Stochastic cluster embedding – a new method for visualizing large datasets
An amazing feature of the human brain is the ability to find differences even in a huge amount of visual information. When studying large amounts of data, this ability turns out to be very useful, because the content of the data must be compressed into a form understandable to human intelligence. For visual analytics, the problem of dimensionality reduction remains the main one.
Scientists from Aalto University and the University of Helsinki at the Finnish Center for Artificial Intelligence (FCAI) conducted a study where they tested the functionality of the most well-known visual analytics methods and found that none of them work when the volume of data increases significantly. For example, the t-SNE, LargeViz, and UMAP methods could no longer distinguish extremely strong signal groupings of observations in the data, when the number of observations runs into the hundreds of thousands. The t-SNE, LargeViz, and UMAP methods no longer work properly.
The researchers have developed a new non-linear dimensionality reduction method called Stochastic Cluster Embedding (SCE) for better cluster visualization. It aims to visualize data sets as clearly as possible and is designed to visualize data clusters and other macroscopic features in such a way that they are as distinct, easy to observe and human-understandable as possible. SCE uses graphics acceleration similar to modern artificial intelligence methods for computing in neural networks.
The discovery of the Higgs boson was the basis for the invention of this algorithm.

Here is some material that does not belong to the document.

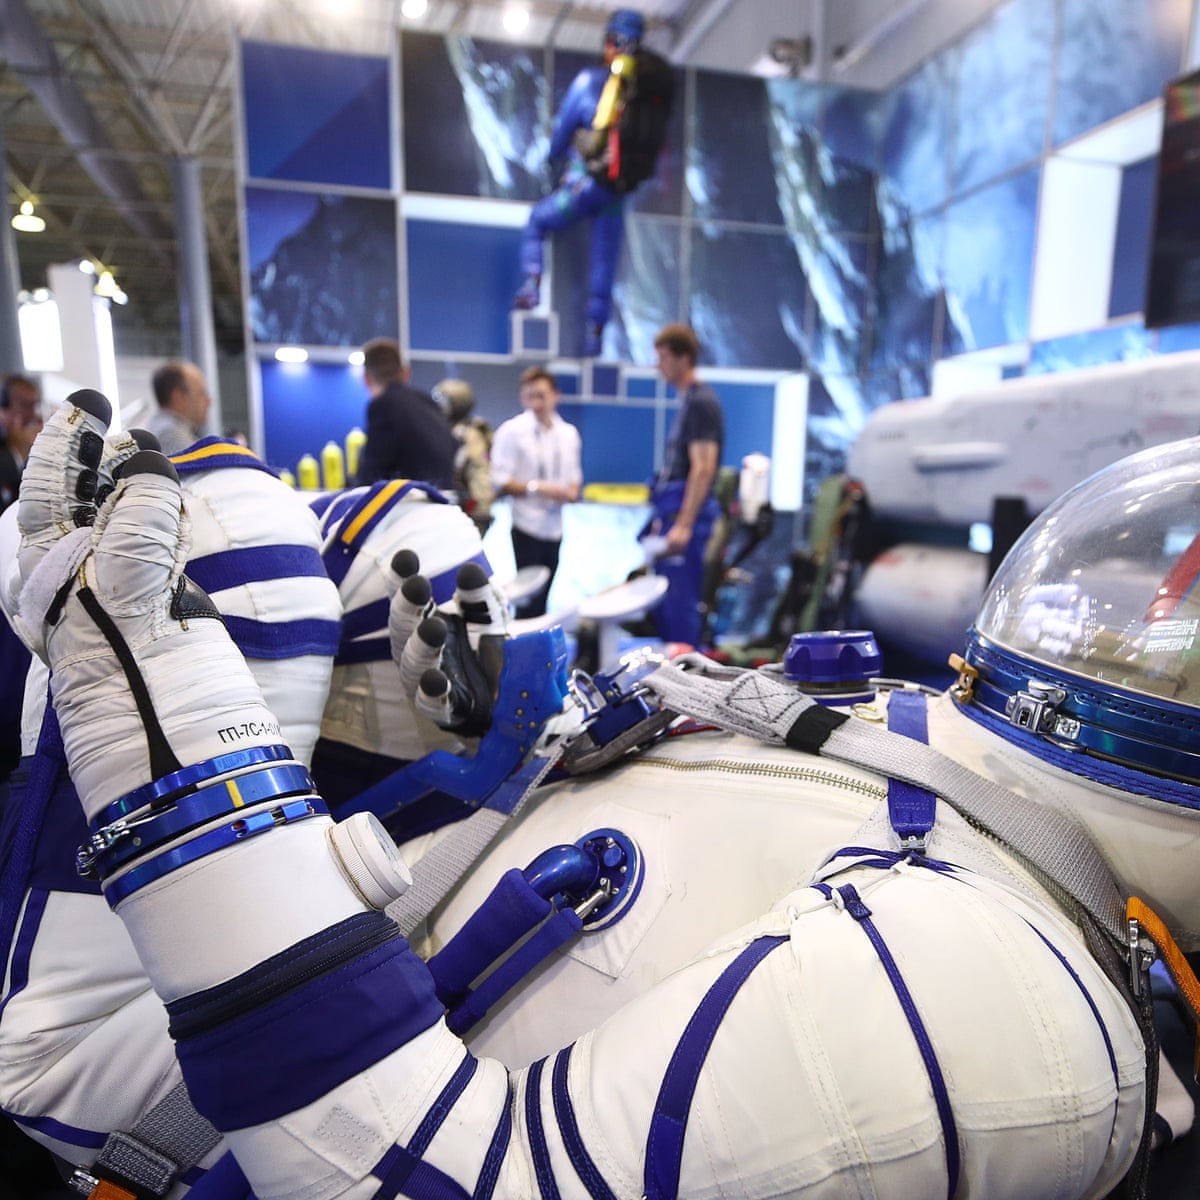 No-fly zone: Russian space suit redesign halts lucky pee ritual | Russia | The Guardian

The data set for the experiments associated with it contains over 11 million feature vectors. And these data required convenient, clear visualization. This inspired the scientists to develop a new method.
The researchers generalized the SNE using a family of I-divergences, parameterized by a scale factor s, between non-normalized similarities in input and output space. SNE is a special case in the family where s is chosen as the normalizing factor for similarity of outputs. However, during testing, it was found that the best value of s for cluster visualization often differs from the value chosen by the SNE. Therefore, to overcome the shortcoming of t-SNE, the new SCE method uses a different approach that mixes input similarities when calculating s. The coefficient is adaptively adjusted when optimizing the new learning objective and thus the data points are better clustered. The researchers also developed an efficient optimization algorithm using asynchronous stochastic descent over block coordinates. The new algorithm can use parallel computing devices and is suitable for mega-scale tasks with large amounts of data.
During the development of the project, the scientists tested the method on various sets of real data and compared it with other modern NLDR methods. Users participating in the testing selected the most appropriate visualizations that matched the range of s values for viewing clusters. The researchers then compared the resulting s values in SCE and t-SNE to see which was closer to human choice. The four smallest datasets IJCNN, TOMORADAR, SHUTTLE and MNIST were used for testing. For each dataset, test participants were presented with a series of visualizations where they used a slider to indicate an s value and tested the corresponding precomputed visualization. The user chose the preferred value of s for cluster visualization.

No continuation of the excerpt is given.